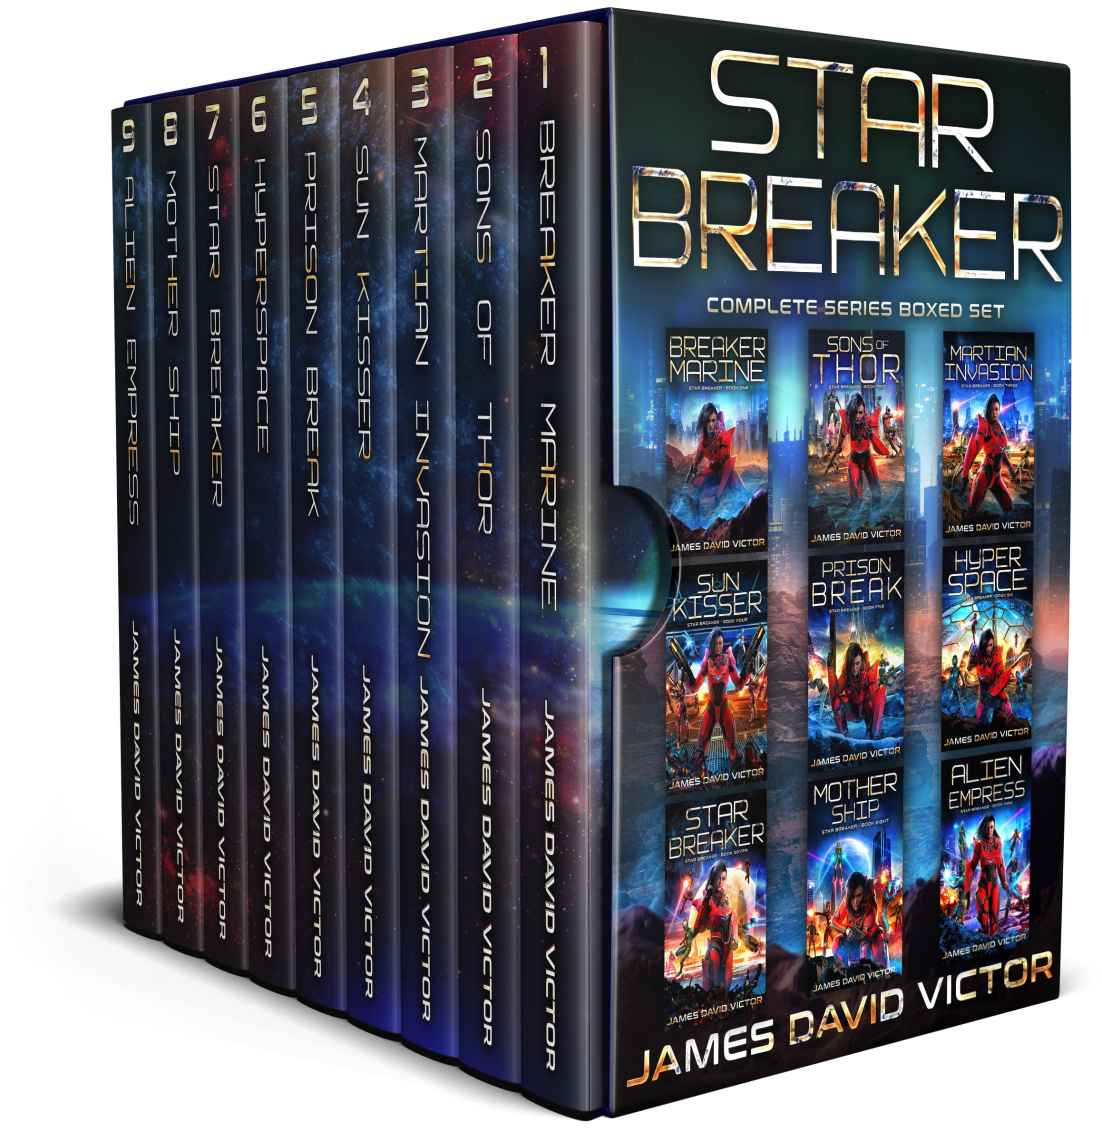 Star Breaker Complete Series Boxed Set
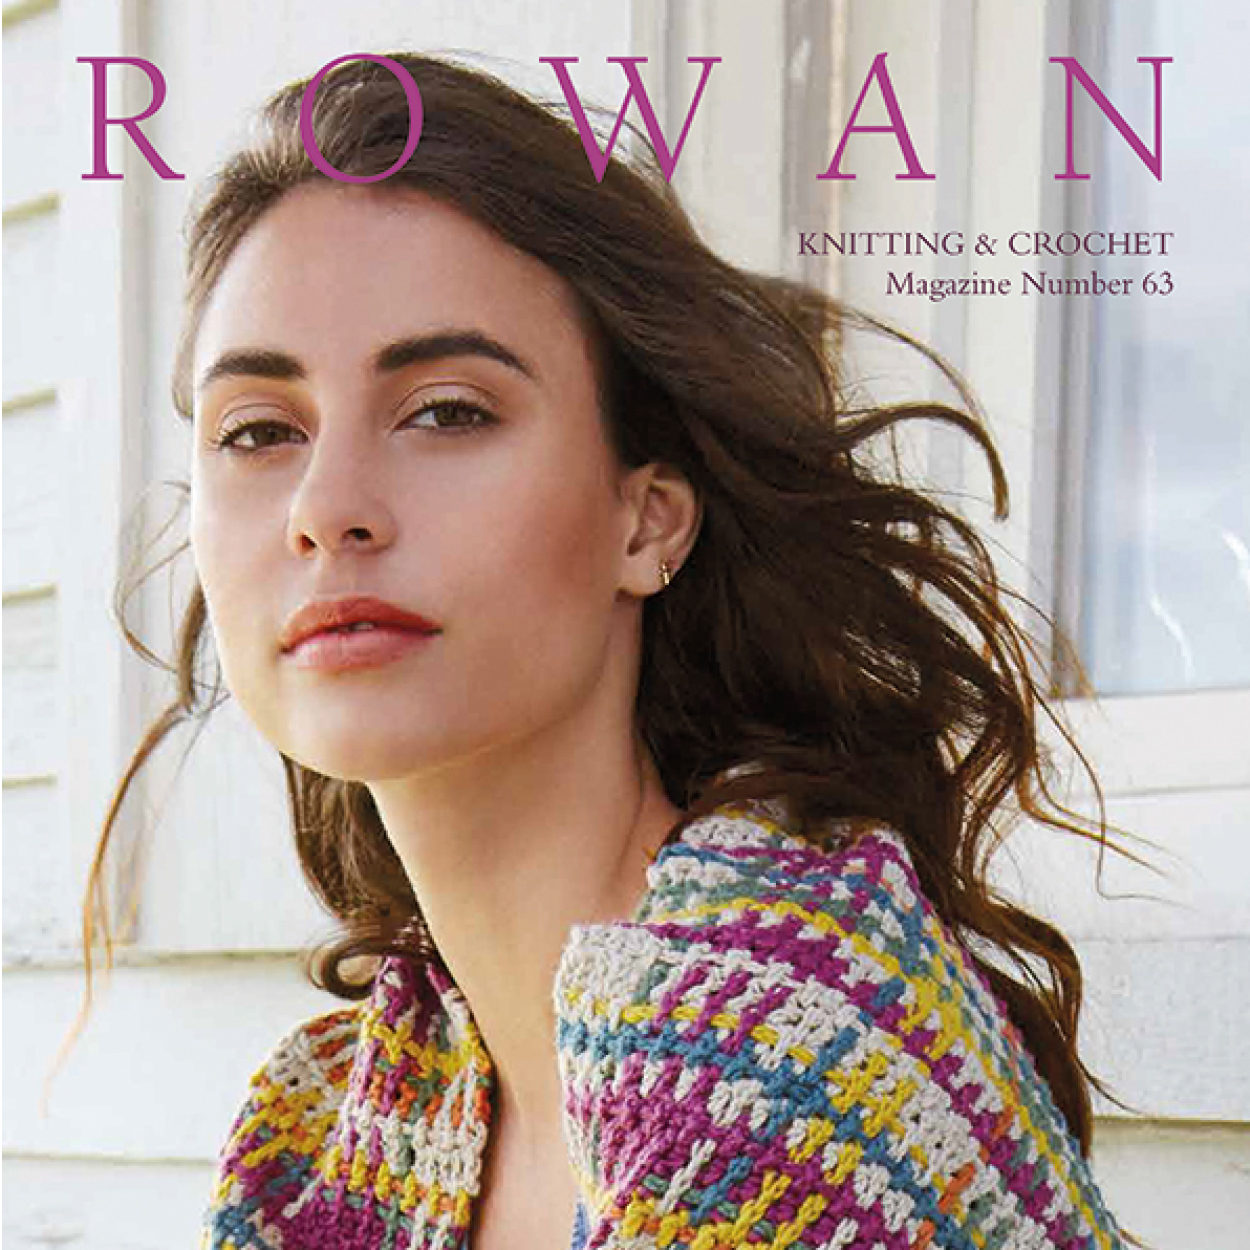 Rowan Knitting & Crochet Magazine No. 63
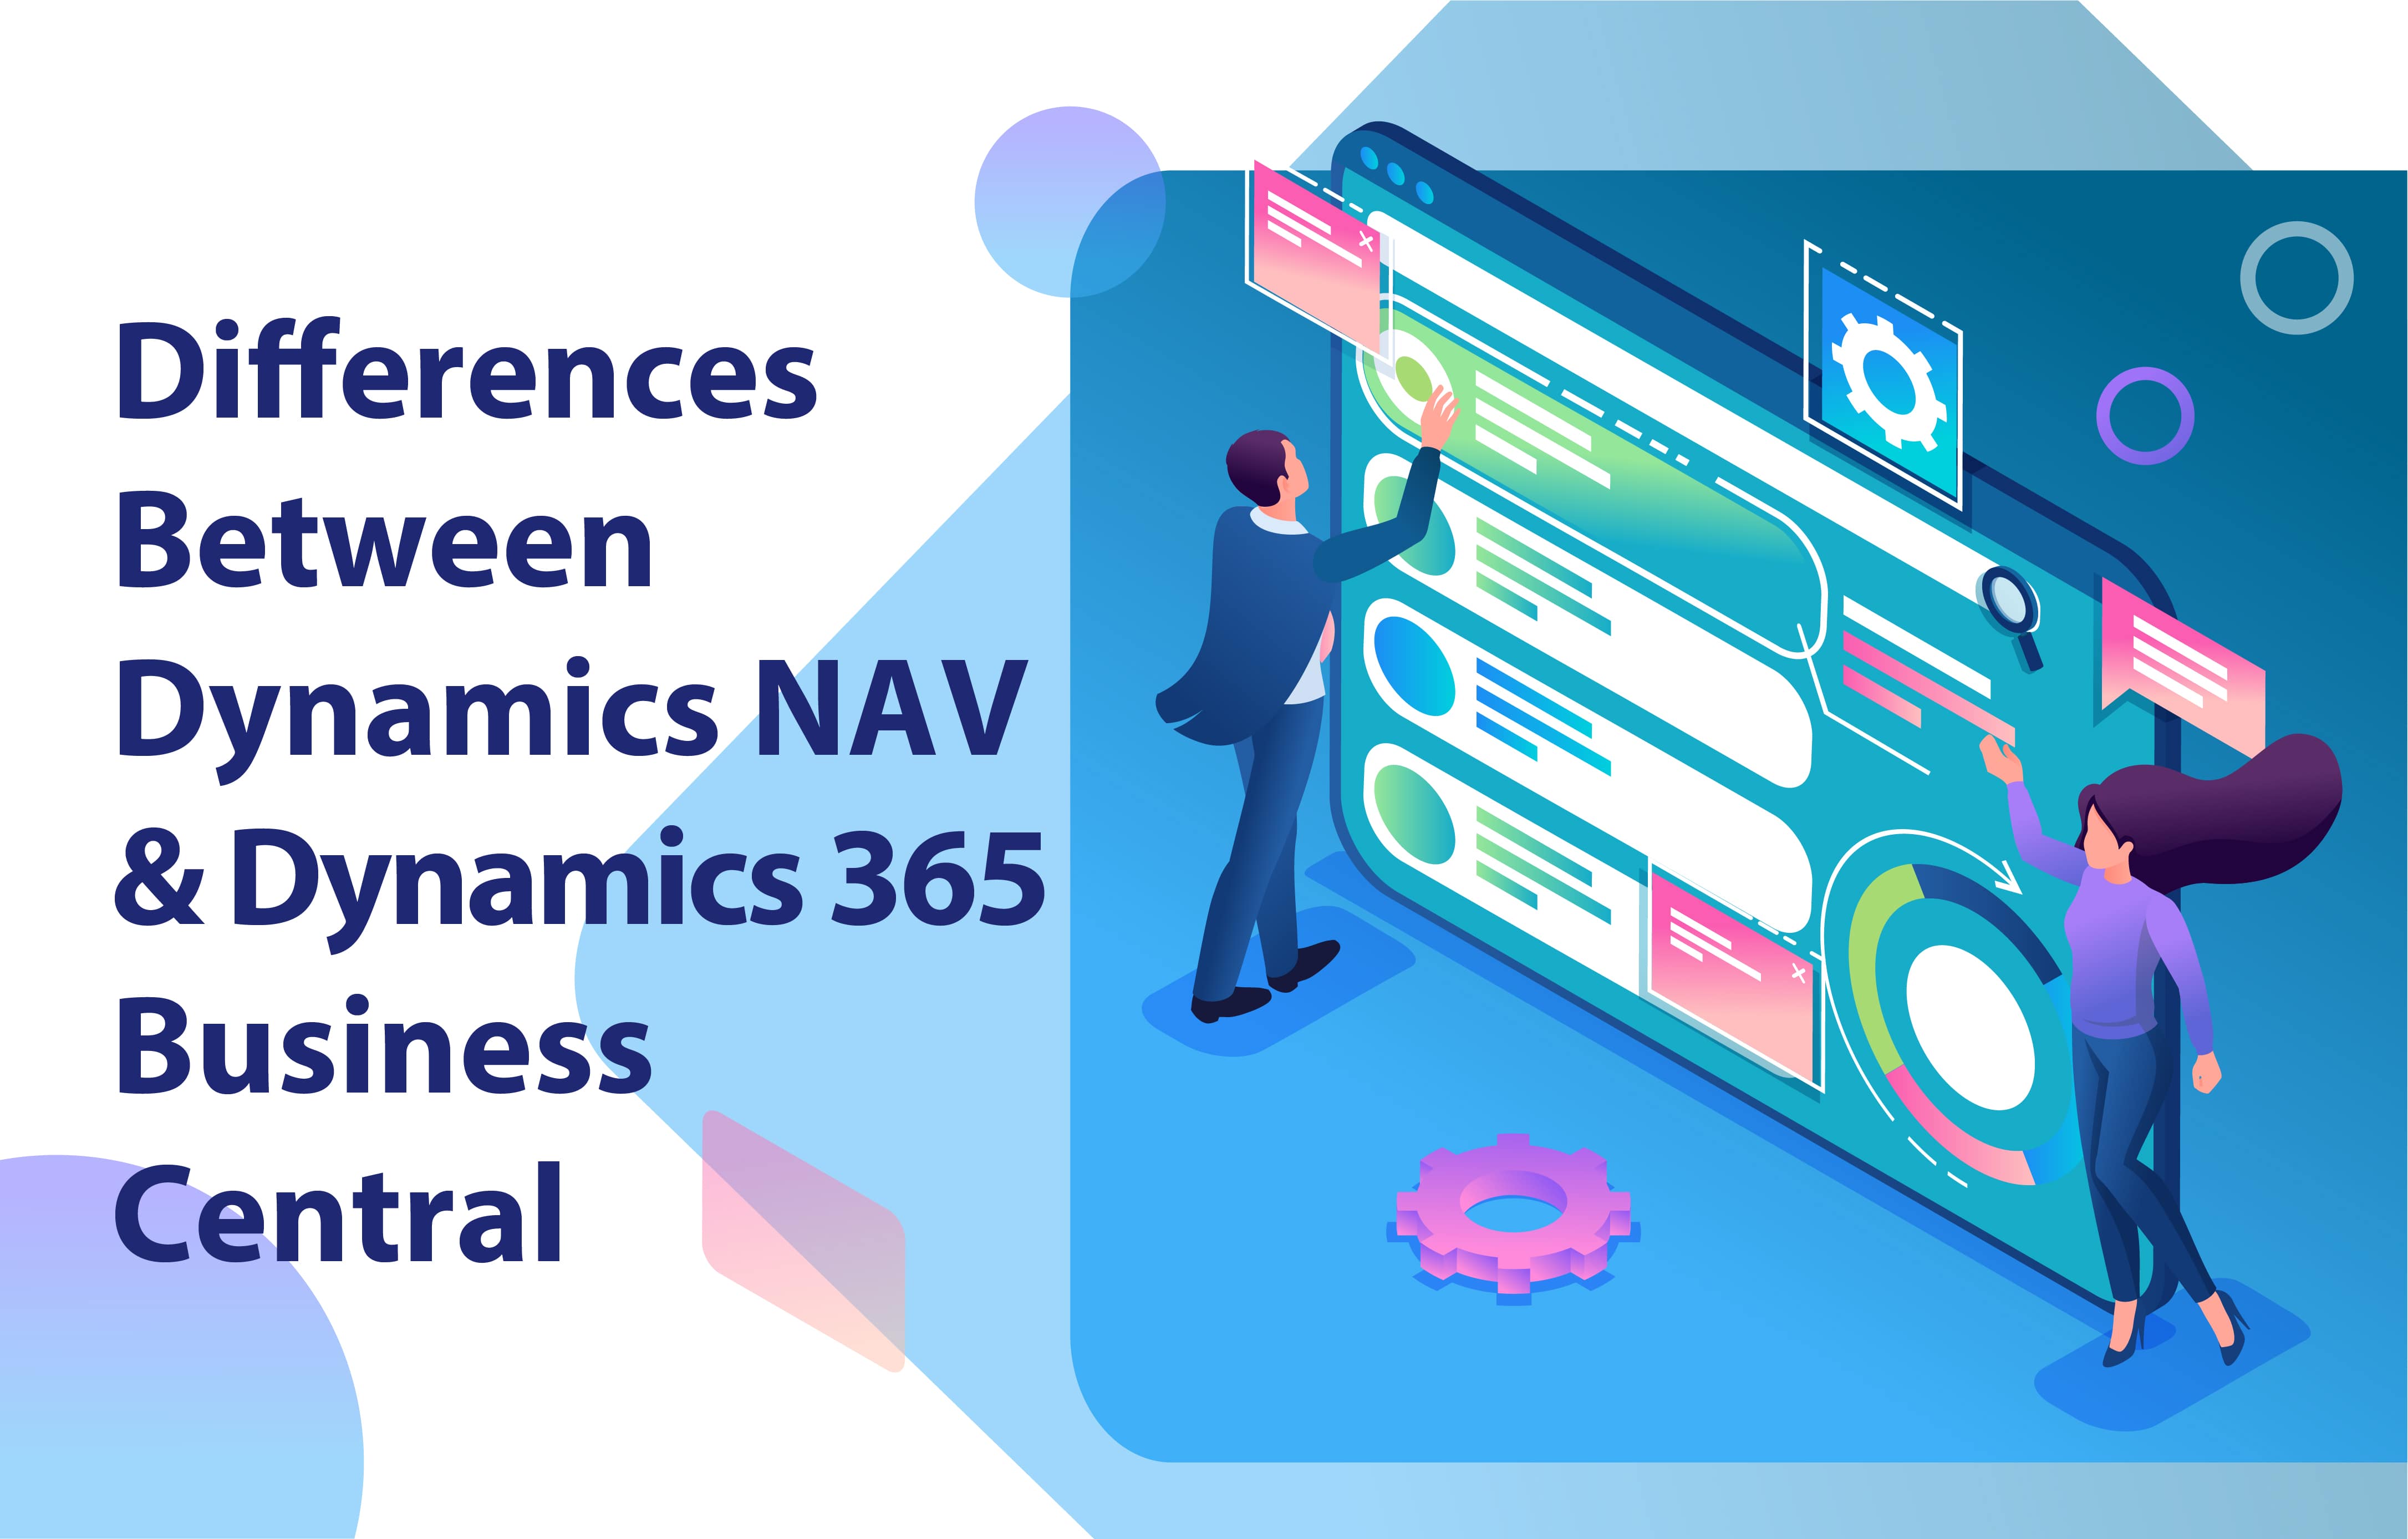 چه تفاوتی میان Dynamics NAV و Dynamics 365 Business Central وجود دارد؟

## Your goal
Retype the whole listing exactly and leave the pictures out.

## Output
 Star Breaker Complete Series Boxed Set
 Rowan Knitting & Crochet Magazine No. 63
 چه تفاوتی میان Dynamics NAV و Dynamics 365 Business Central وجود دارد؟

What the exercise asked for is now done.